La vente a été réitérée par acte authentique reçu en date du 6 février 2018 par Maître [S] [H], notaire.

Après la vente, Madame [Y] [X] a constaté l'existence de désordres affectant l'immeuble et s'est rapprochée de la société GAH IMMOBILIER.

Les parties sont convenues d'organiser une réunion d'expertise amiable contradictoire, laquelle s'est tenue le 29 juin 2018.

A la suite de cette réunion d'expertise, au cours de laquelle divers désordres ont été constatés, la société GAH IMMOBILIER a proposé à Madame [Y] [X] de lui racheter l'immeuble litigieux.

Par acte authentique du 14 septembre 2018 reçu par Maître [S] [H], notaire, un compromis de vente a été conclu entre les parties, portant sur le bien ci-dessus mentionné, au prix de 177.000 euros.

Ce compromis de vente a été conclu pour une durée expirant le 1er avril 2019 à 16 heures et a été assorti d'une condition suspensive de vente, par l'acquéreur, d'un bien immobilier lui appartenant situé 1 rue Michelet à Plaisir (78370), la mise en vente devant intervenir au plus tard le 1er novembre 2018.

L'immeuble objet de la condition suspensive n'a pas été vendu avant l'expiration de la durée du compromis de vente.

Parallèlement, la société GAH IMMOBILIER a fait réaliser des travaux dans l'immeuble vendu à Madame [Y] [X] dans le but de mettre fin au désordres constatés.

Les travaux ont été achevés le 25 octobre 2018 et Madame [Y] [X] a fait réaliser une seconde expertise amiable, le 26 octobre 2018, au cours de laquelle l'existence de désordres a été constatée.

Puis, par actes des 26 et 29 novembre 2018, Madame [Y] [X] a fait assigner la société GAH IMMOBILIER et la SOCIETE GENERALE devant le présent tribunal, aux fins de voir, principalement, prononcer l'annulation de la vente du 6 février 2018 et celle du prêt, et voir condamner la venderesse au paiement des sommes de 183.000 euros en restitution du prix de vente, 14.318,85 euros au titre des frais de notaire et 20.768,85 euros à titre de dommages et intérêts en réparation de son préjudice matériel.

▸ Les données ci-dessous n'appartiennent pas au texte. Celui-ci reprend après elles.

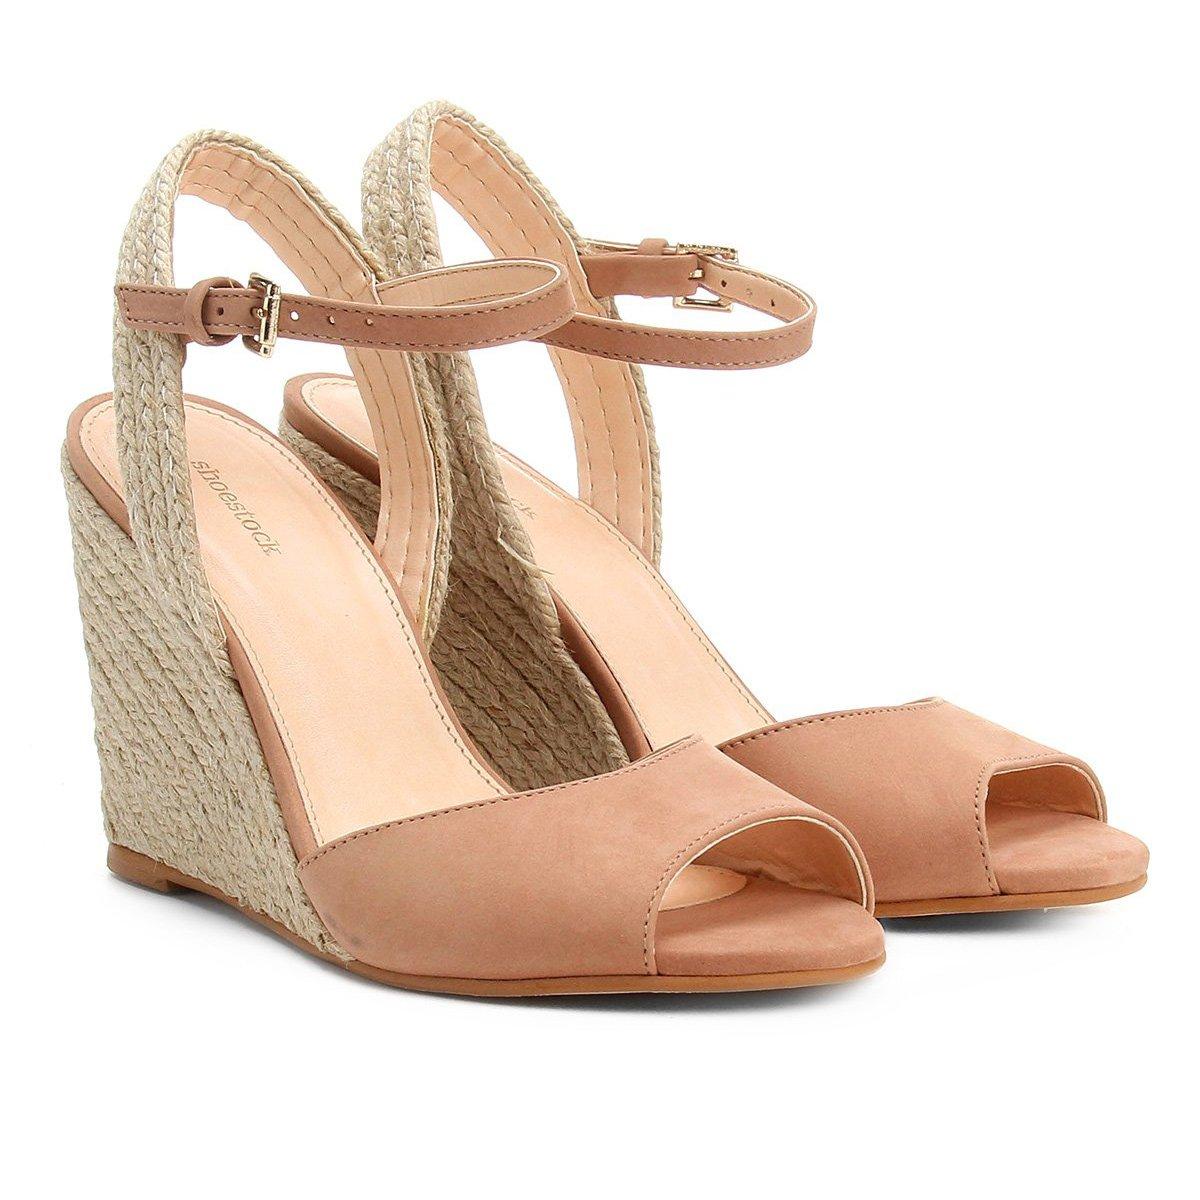 21581c6daf Sandália Anabela Couro Shoestock Corda Feminina   Shoestock

Par ordonnance rendue en date du 20 octobre 2020, le juge de la mise en état du tribunal judiciaire de Versailles a :
ordonné une expertise judiciaire,désigné Monsieur [S] [G] en qualité d'expert judiciaire avec pour mission, notamment, de relever les désordres et malfaçons affectant l'immeuble, donner tous éléments permettant de déterminer si les travaux réalisés par la société GAH IMMOBILIER, achevés le 25 octobre 2018 l’ont été dans la conformité aux règles de l’art et s’ils ont mis fin aux désordres, et donner tous éléments permettant d’apprécier la pertinence des griefs formulés par Madame [Y] [X] à l’encontre des travaux exécutés à la diligence de la société GAH IMMOBILIER ;ordonné la radiation de l'affaire du rôle jusqu'à son rétablissement par conclusions de la partie la plus diligente.
L'expert a déposé son rapport le 17 novembre 2022.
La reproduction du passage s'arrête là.